Classic MLE template with CI/CD pipelines
Using technologies:
- Analytics and model training
- Python 3.x
- Pandas, NumPy, SkLearn
- Testing
- unittest + coverage
- Data / Model versioning
- DVC
- CI/CD
- GitHub Actions
- Docker Image: ml-pipe-twitter-sentiment
Twitter Sentiment Analysis Dataset from Kaggle. Sentiment analysis is a common task in the field of Natural Language Processing (NLP). It is used to determine whether a piece of text is positive, negative, or neutral. In this dataset, the task is to classify the sentiment of tweets from Twitter.
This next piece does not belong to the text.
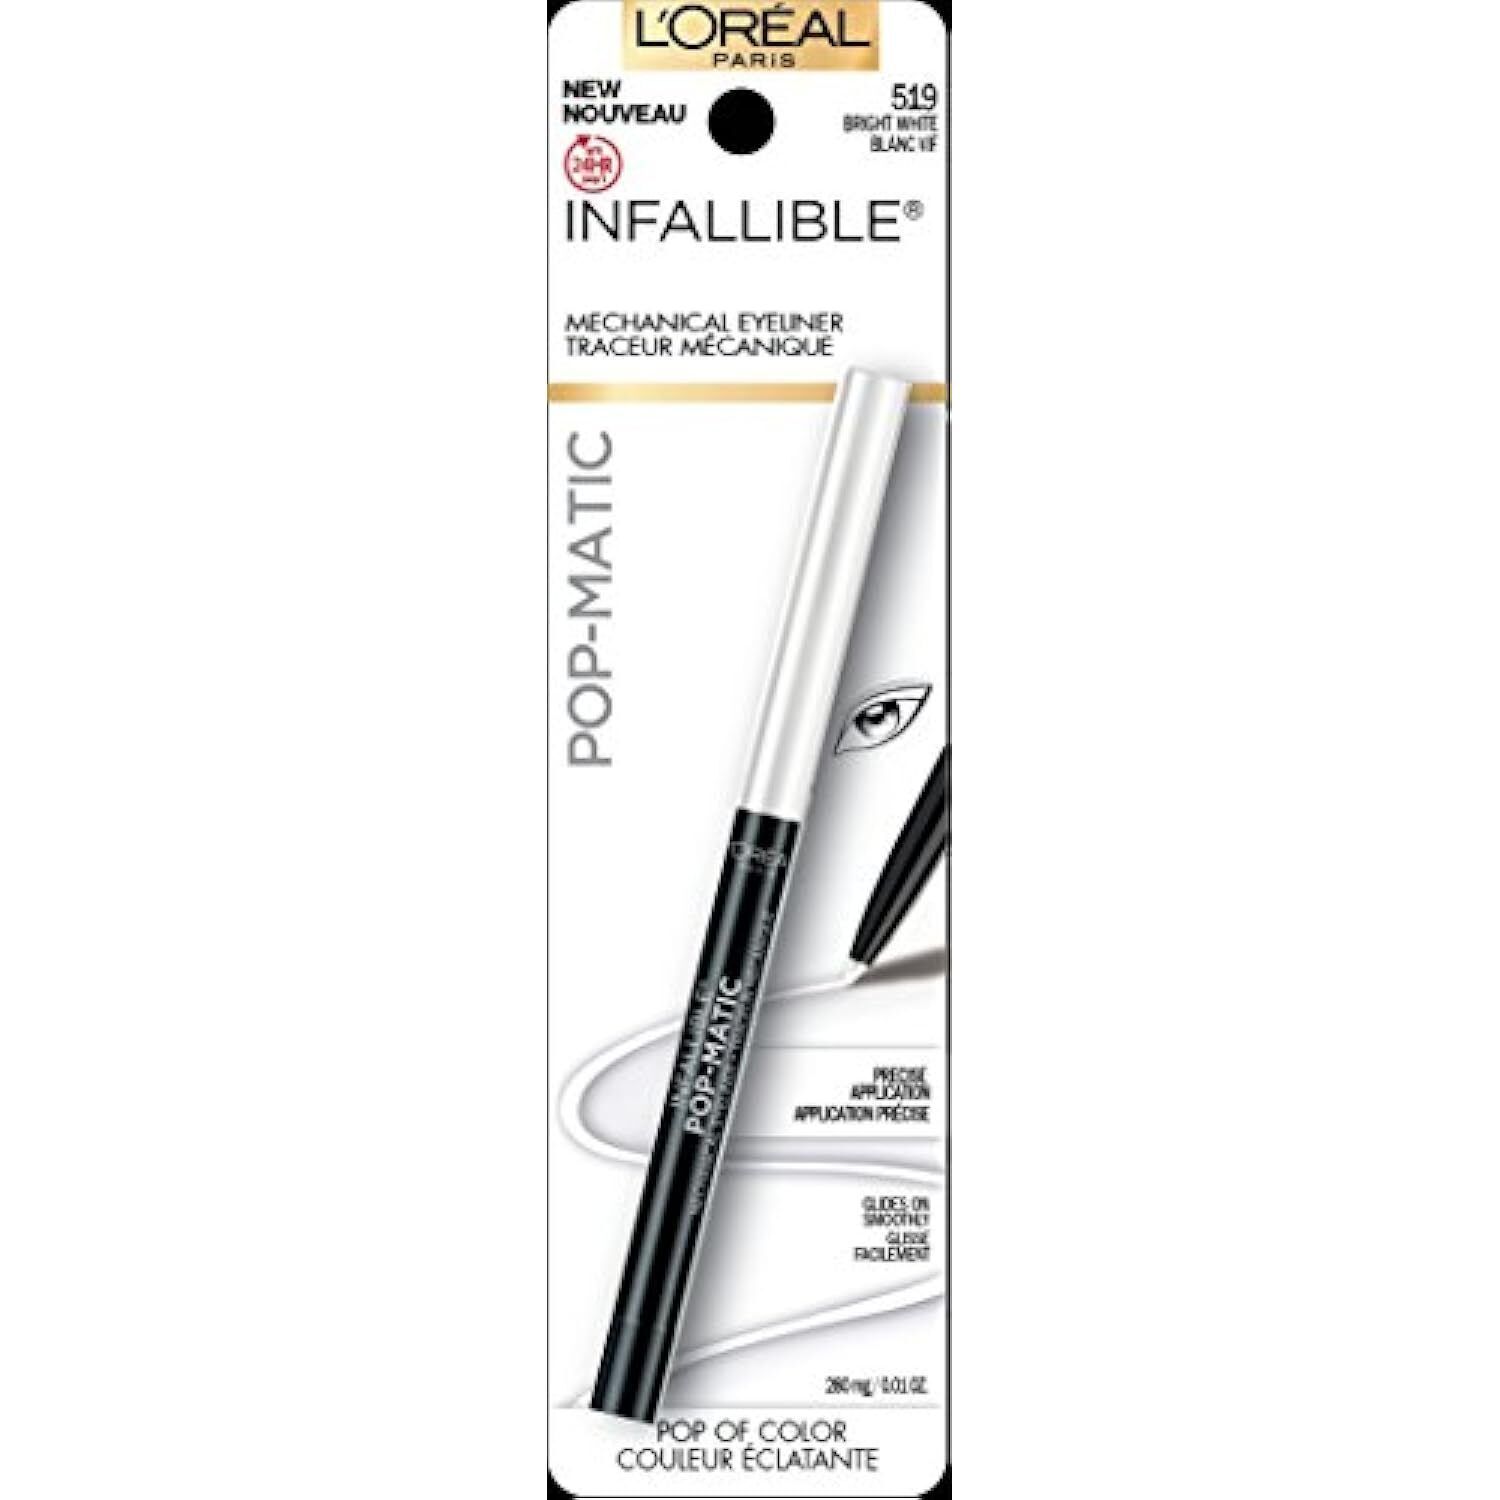 Primary image for L'Oreal Paris Infallible Pop-Matic Eyeliner: White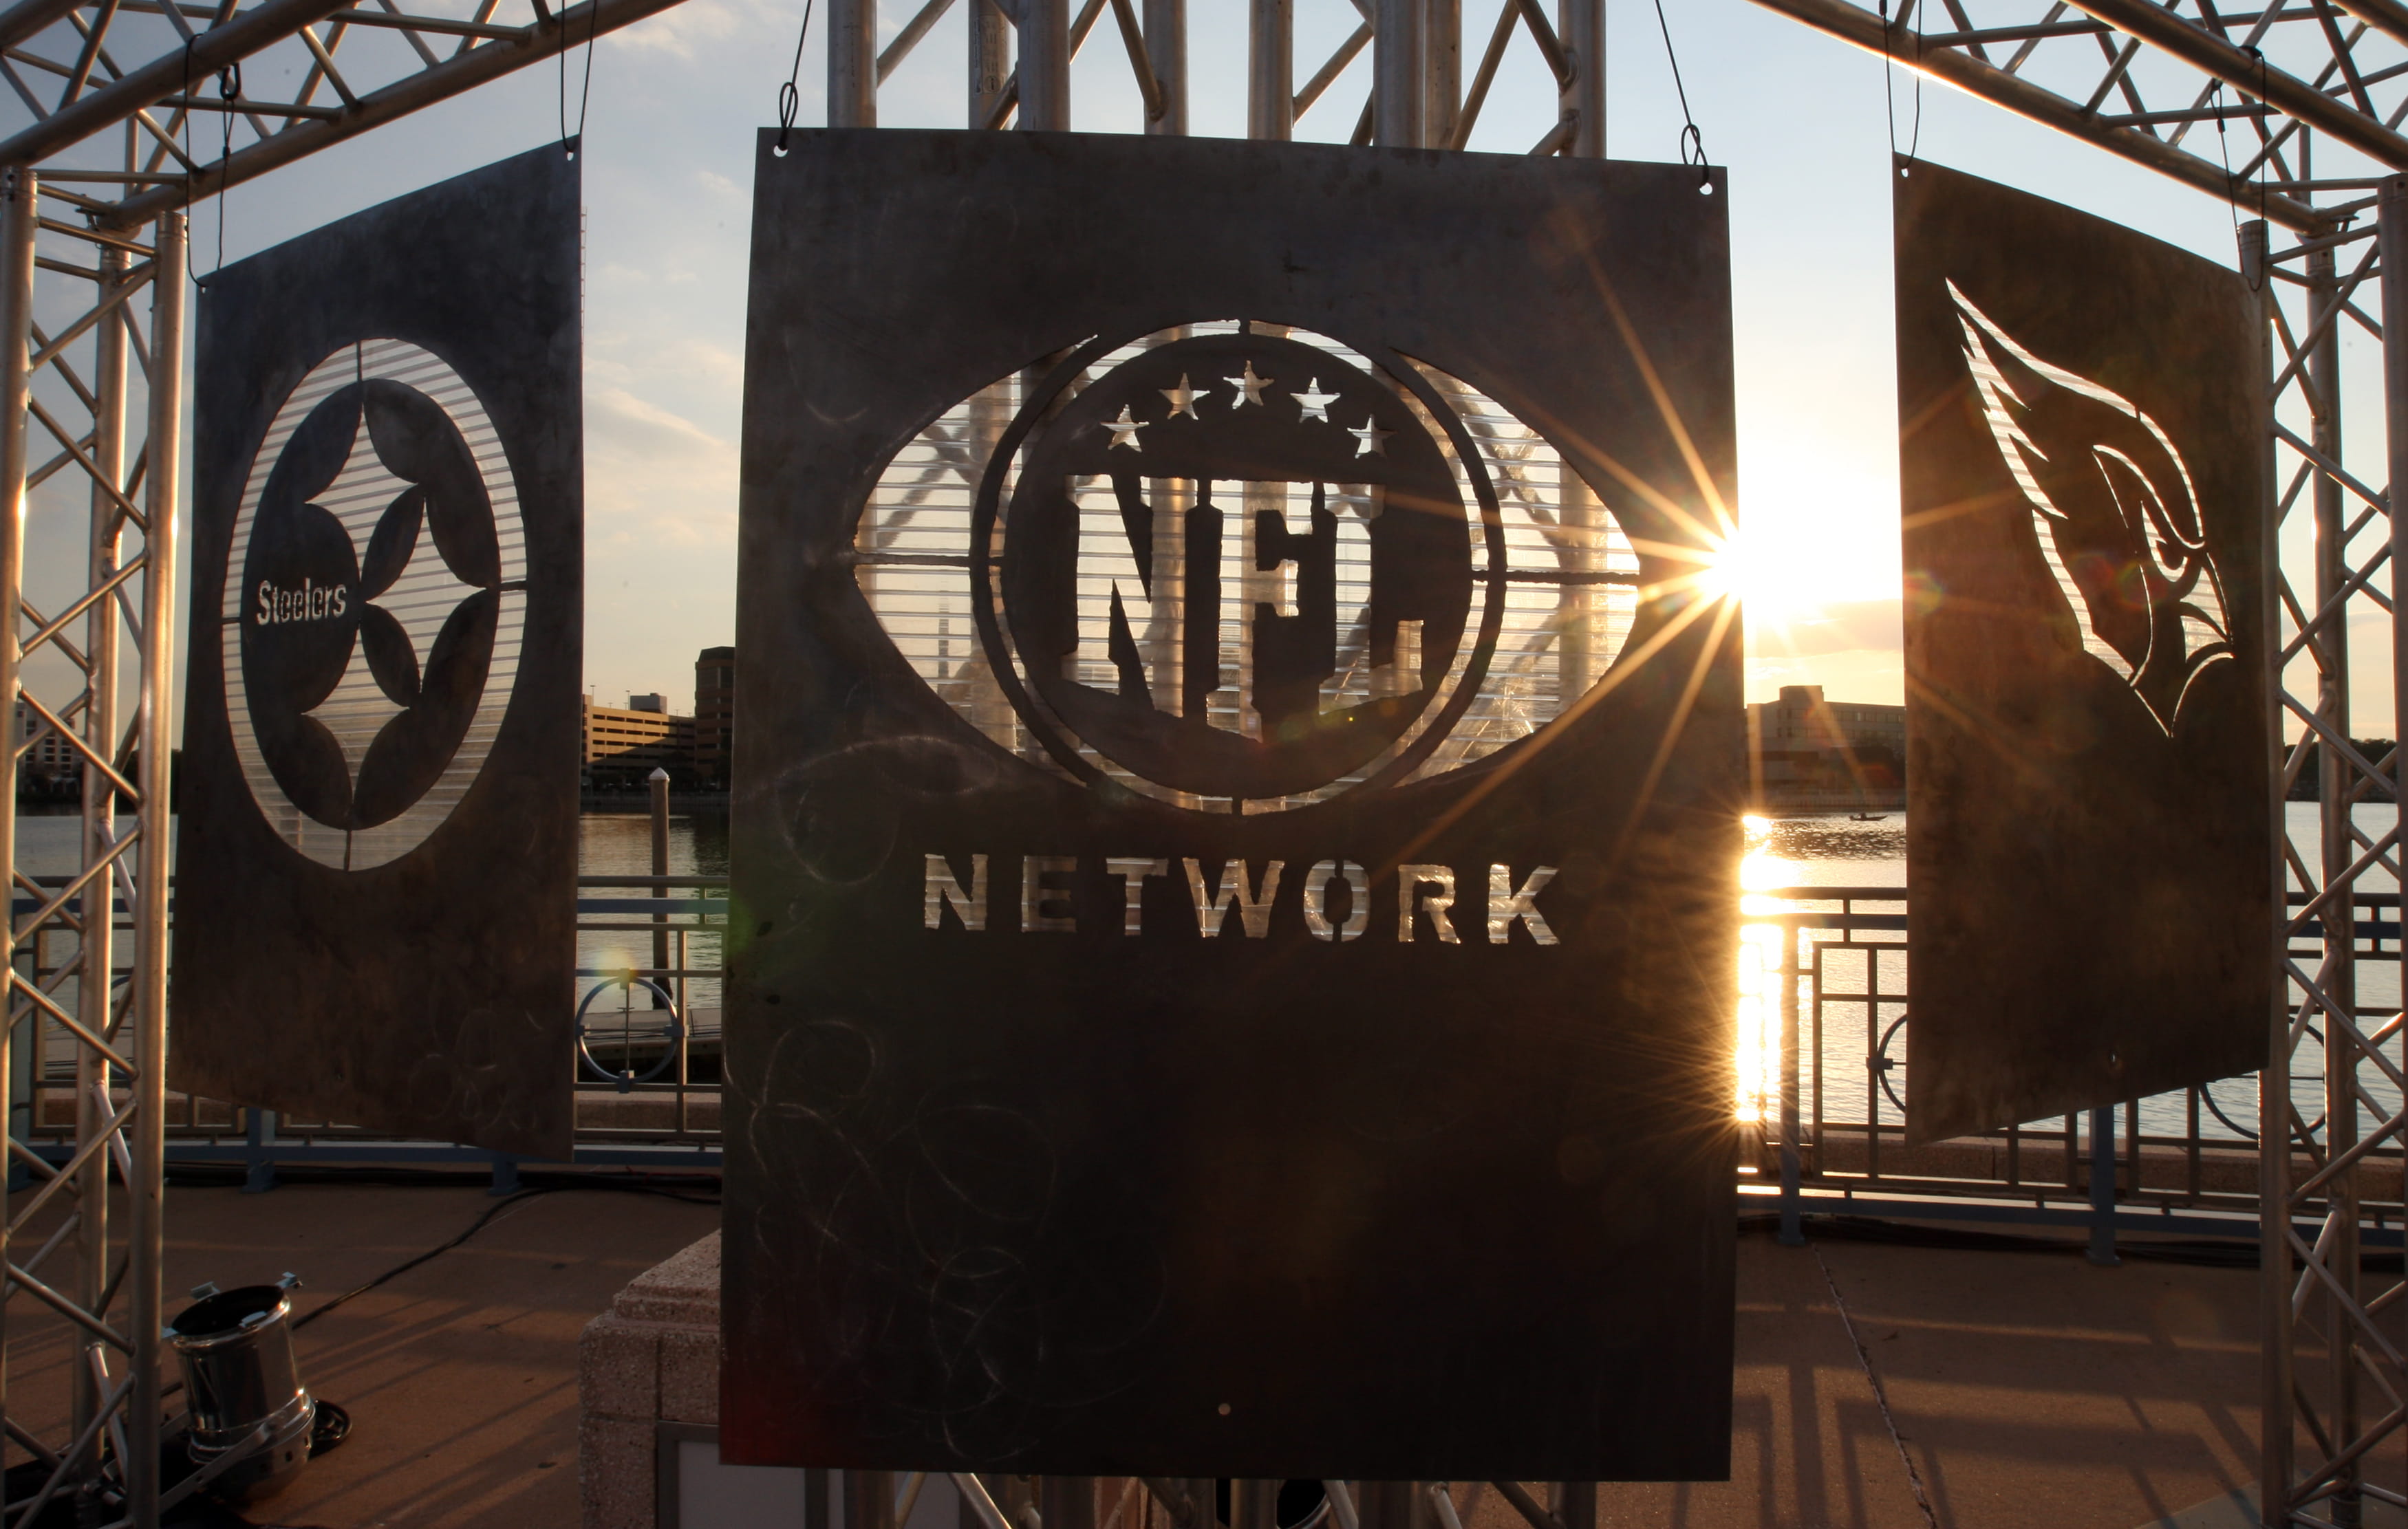 NFL Network was launched in 2003.

- Download dataset from Kaggle
- Analyze dataset and create simple baseline model in this notebook
- Transform notebook to python scripts in src folder
- Put dataset into S3 bucket using DVC
- Created Dockerfile and docker-compose.yml
- Created CI / CD pipelines using GitHub Actions:
- Saving logs with Greenplum database during functional testing
- Secrets vault with HashiCorp Vault
- Message broker with Kafka
Run data preprocessing tests:
python -m unittest src/unit_tests/test_preprocess.py
Run model training tests:
python -m unittest src/unit_tests/test_training.py
twitter-sentiment_1 | INFO:root:Fitting model
twitter-sentiment_1 | INFO:root:Train F1 0.8117694303924563 | Valid F1 0.7406303833044623
twitter-sentiment_1 | INFO:root:Predicting on test data
twitter-sentiment_1 | INFO:root:Saving test predictions
twitter-sentiment_1 | ......
twitter-sentiment_1 | ----------------------------------------------------------------------
twitter-sentiment_1 | Ran 6 tests in 0.679s
twitter-sentiment_1 |
twitter-sentiment_1 | OK
twitter-sentiment_1 | ....
twitter-sentiment_1 | ----------------------------------------------------------------------
twitter-sentiment_1 | Ran 4 tests in 21.795s
twitter-sentiment_1 |
twitter-sentiment_1 | OK
twitter-sentiment_1 | Name Stmts Miss Cover Missing
twitter-sentiment_1 | -----------------------------------------------------------------
twitter-sentiment_1 | src/constants.py 3 0 100%
twitter-sentiment_1 | src/preprocess.py 49 3 94% 23-25
twitter-sentiment_1 | src/train.py 75 23 69% 90-91, 95-96, 121-143, 147
twitter-sentiment_1 | src/unit_tests/test_preprocess.py 43 0 100%
twitter-sentiment_1 | src/unit_tests/test_training.py 26 0 100%
twitter-sentiment_1 | -----------------------------------------------------------------
twitter-sentiment_1 | TOTAL 196 26 87%
bigdata-course-01_twitter-sentiment_1 exited with code 0